To show the complex relationships between Manhattan’s public transpotation system and the city it serves, mapmaker John Tauranac has created three individual maps – a subway map, a bus map, and a street map with places of interest. The maps are geographic, they are all to the same scale, and they all have the same grid coordinates for easy cross reference. Tauranac has mounted them back to back in three combinations.
True to Tauranac’s belief that a transportation map should be more didactic than merely indicating full-time v. part-time service, the service on his maps is time specific – a red number or letter indicates that the service only operates weekdays, blue indicates that the service only operates rush hours, and so on.

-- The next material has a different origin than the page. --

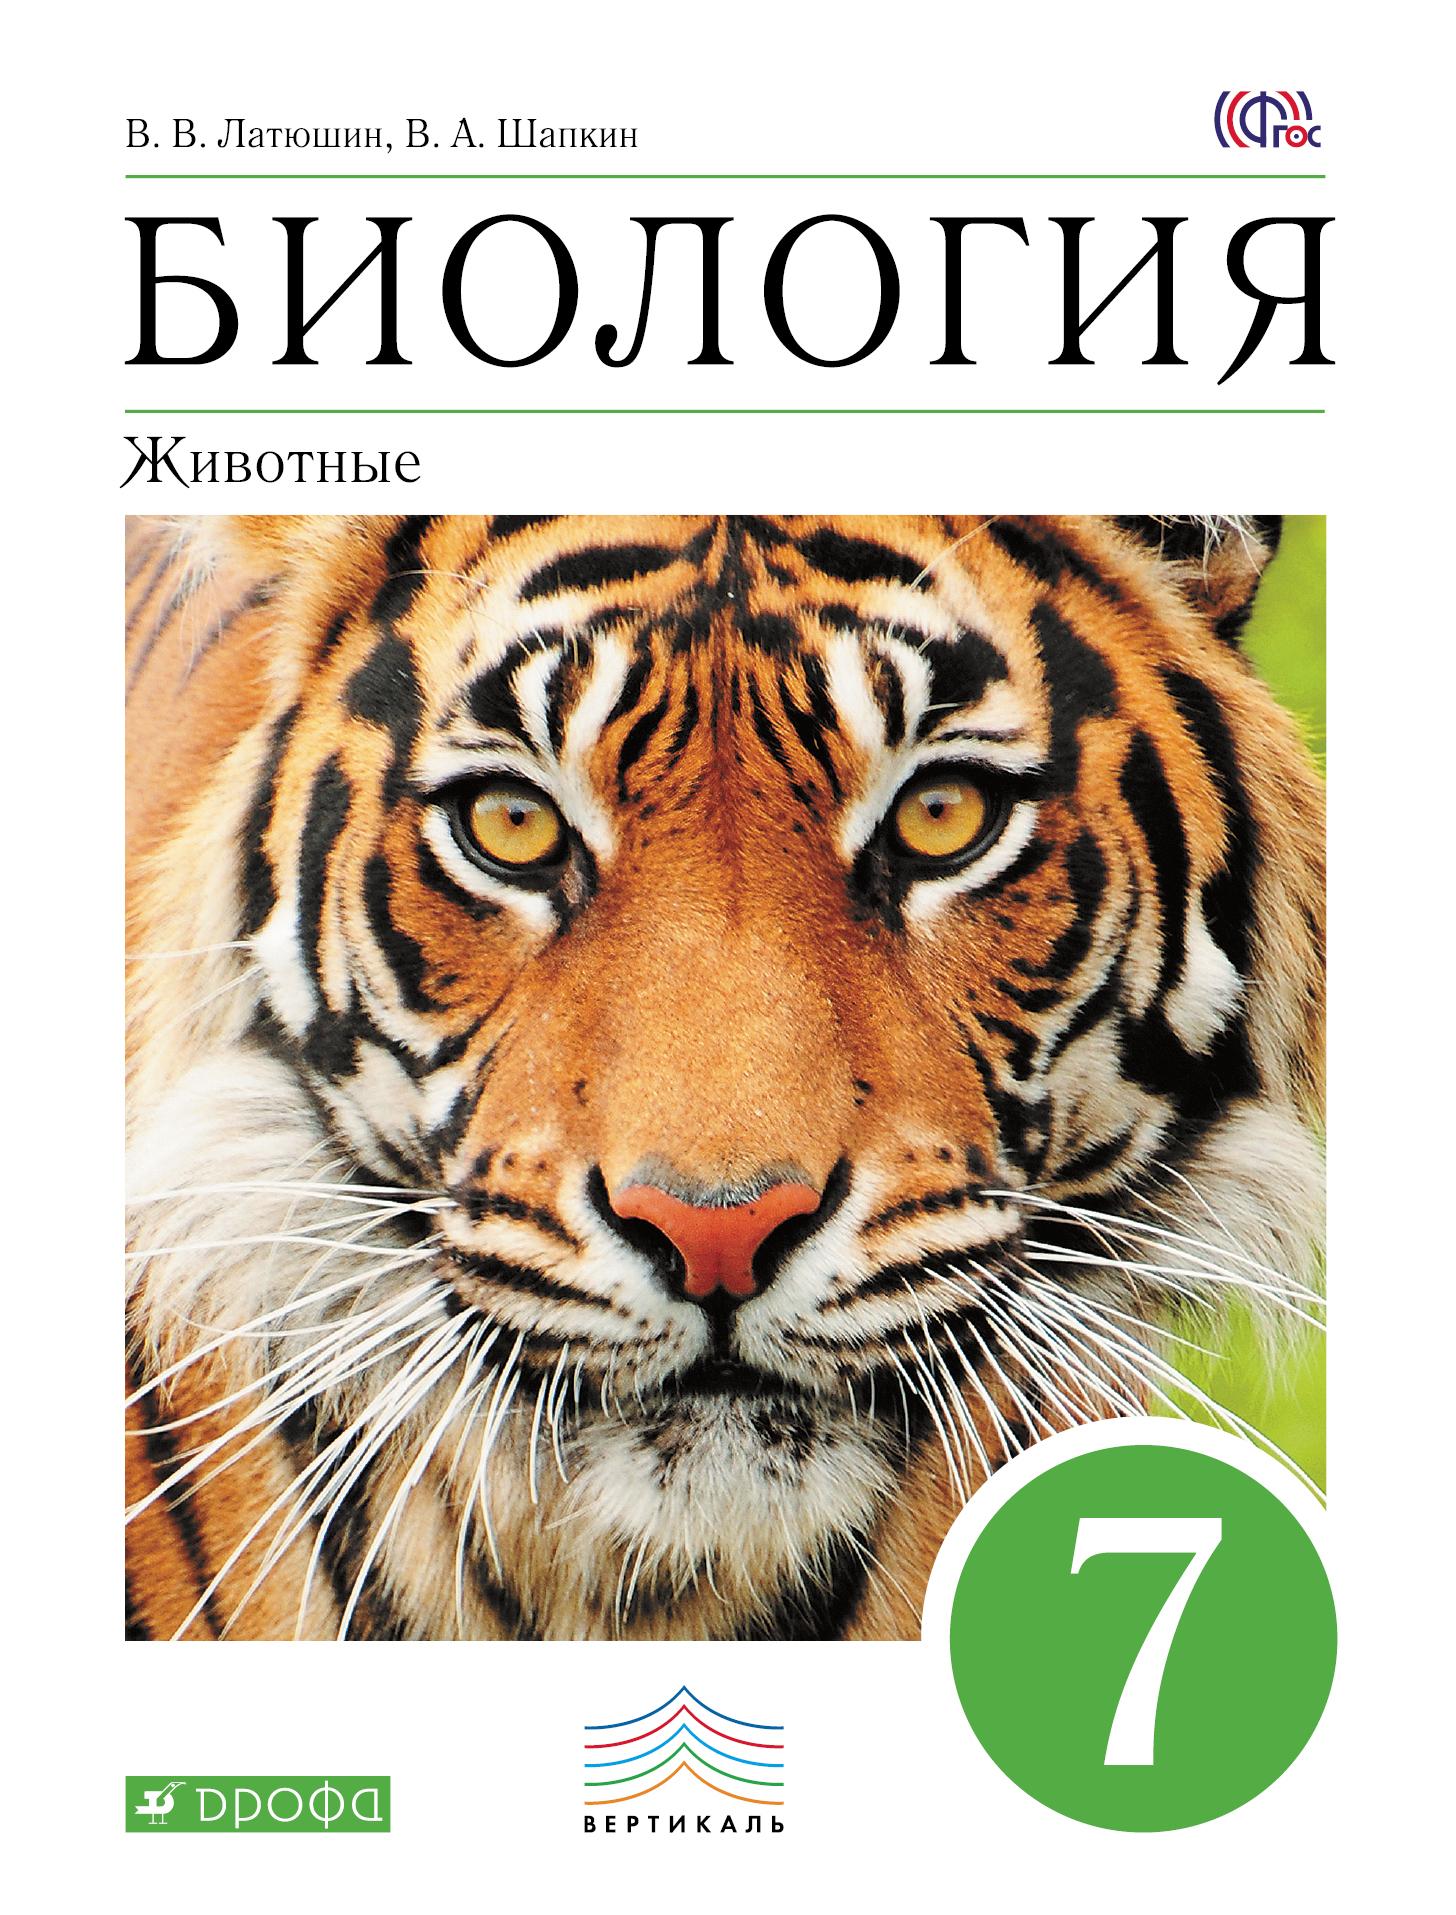 В. В. Латюшин, В. А. Шапкин Биология. 7 класс. Животные. Учебник

The subway map includes an index of stations that comes not only with the expected grid coordinates that tell you where to find stations on the map itself, the index also tells you the daytime service at each station. The bus map includes information on each route’s primary streets of operation, and – to make sense of destination signs – its terminals.
As a bonus, there are late-night bus and subway maps, since the difference in service between day and night is the difference between night and day. The places of interest on the street map include tourist attractions, museums, concert halls, colleges, and so on. Indices to streets and places of interest make things easy to find, and addresses at critical junctures provide a key to house numbering.
Folded, the maps measure 3.3 by 8.3 inches, a comfortable size for pocket, purse, tote or backpack. Unfolded – and accordion folds make folding and unfolding a snap – the maps measure 26.4 by 8.3 inches. The odds are that you probably won’t have to look at more than four panels at a time – say, from the Battery to 86th Street – to plan your trip.
The maps are printed on heavy stock and are lightly laminated.